[plug] OT: high pitched noise from PSU

Cameron Patrick cameron at patrick.wattle.id.au
Fri Dec 26 23:35:57 WST 2003


On Fri, Dec 26, 2003 at 09:10:28PM +0800, Chris Caston wrote:

| I think it might be the fan but I haven't open it up yet so I'm not
| sure. I hear that fixing/replacing them requires use of a soldering
| iron.

How high pitched is the noise?  It may well /not/ be the fan, but
capacitors or some such (note that my electronics skills are lousy so I
may have named the wrong bit).  If it sounds like something mechanical,
it's probably the fan; a really high pitched squeal (like you get from
the telly) is probably something else operating at high frequency.

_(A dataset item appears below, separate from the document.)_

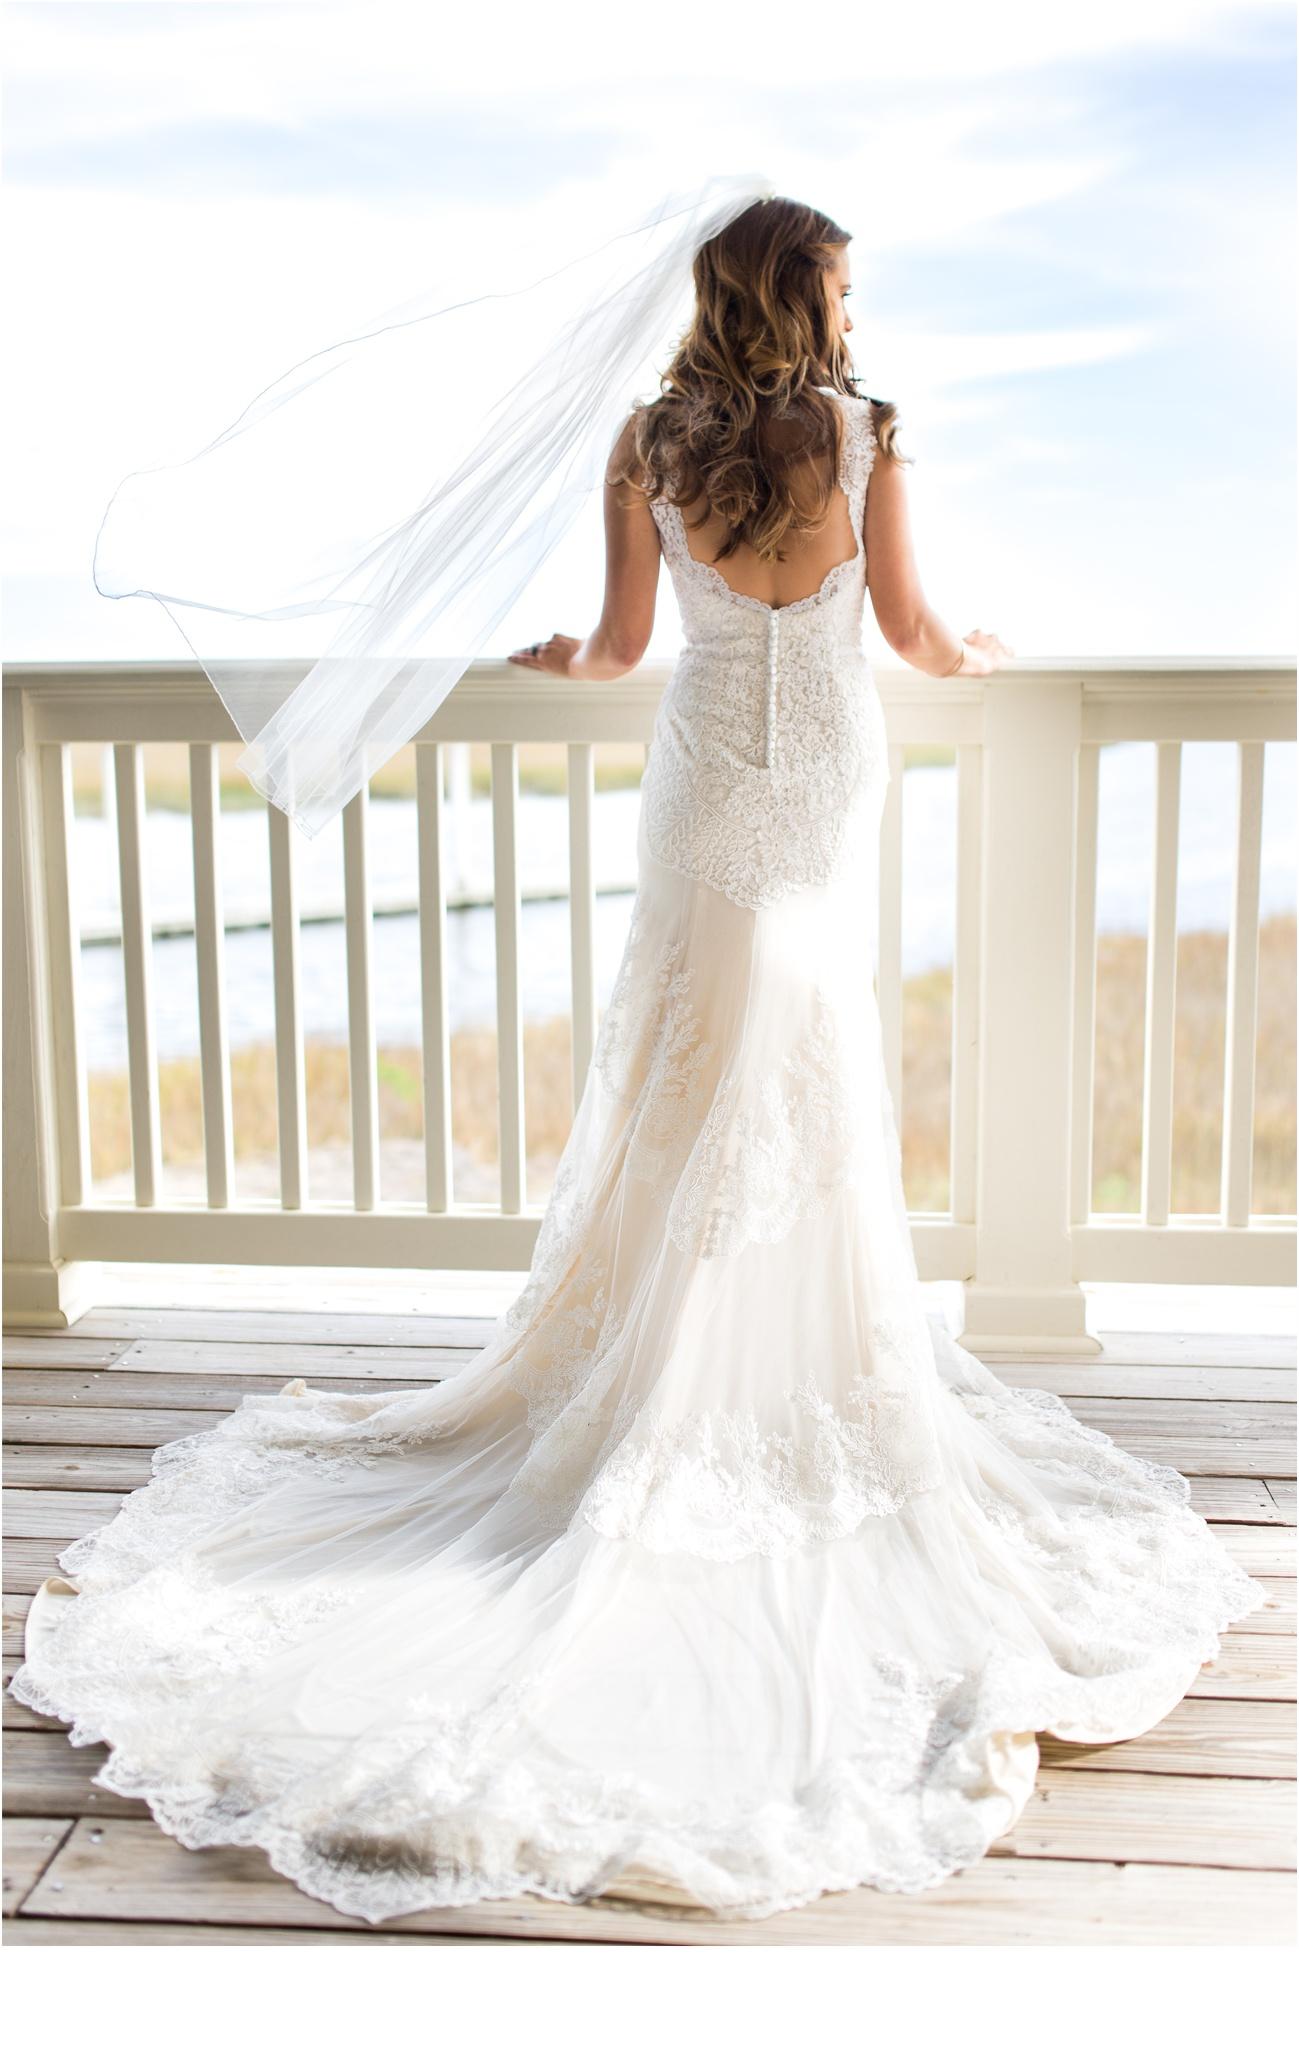 Rainey_Gregg_Photography_St._Simons_Island_Georgia_California_Wedding_Portrait_Photography_0775.jpg

If it's old-ish, it might be a fan that requires oiling.
See http://dansdata.com/fanmaint.htm

Replacing fans is pretty easy[1].  If there's a connector on the fan,
unplug it.  If there's no connector, snip the wires to the fan about
half-way along (so you're not re-soldering too close to the PSU), get
out a new fan (you do have a spare 80mm 12V fan lying around, don't
you?), and solder the appropriate coloured wires to it, and you're done.
Make sure you cover the exposed wires with e.g. electrician's tape, so
they don't short out.  Incidentally, when you've got the fan
disconnected from the PSU would be a good time to verify that the fan
really /is/ making the noise - plug it into a spare 12v supply (you've
got one of those at least, right? at the very worst, you could
cannibalise a molex connector and borrow a computer's PSU) and listen to
it.

Cameron.

[1] I've only done it once, it worked the first time, and the PSU in
question is still going strong.  So it can't be too bad.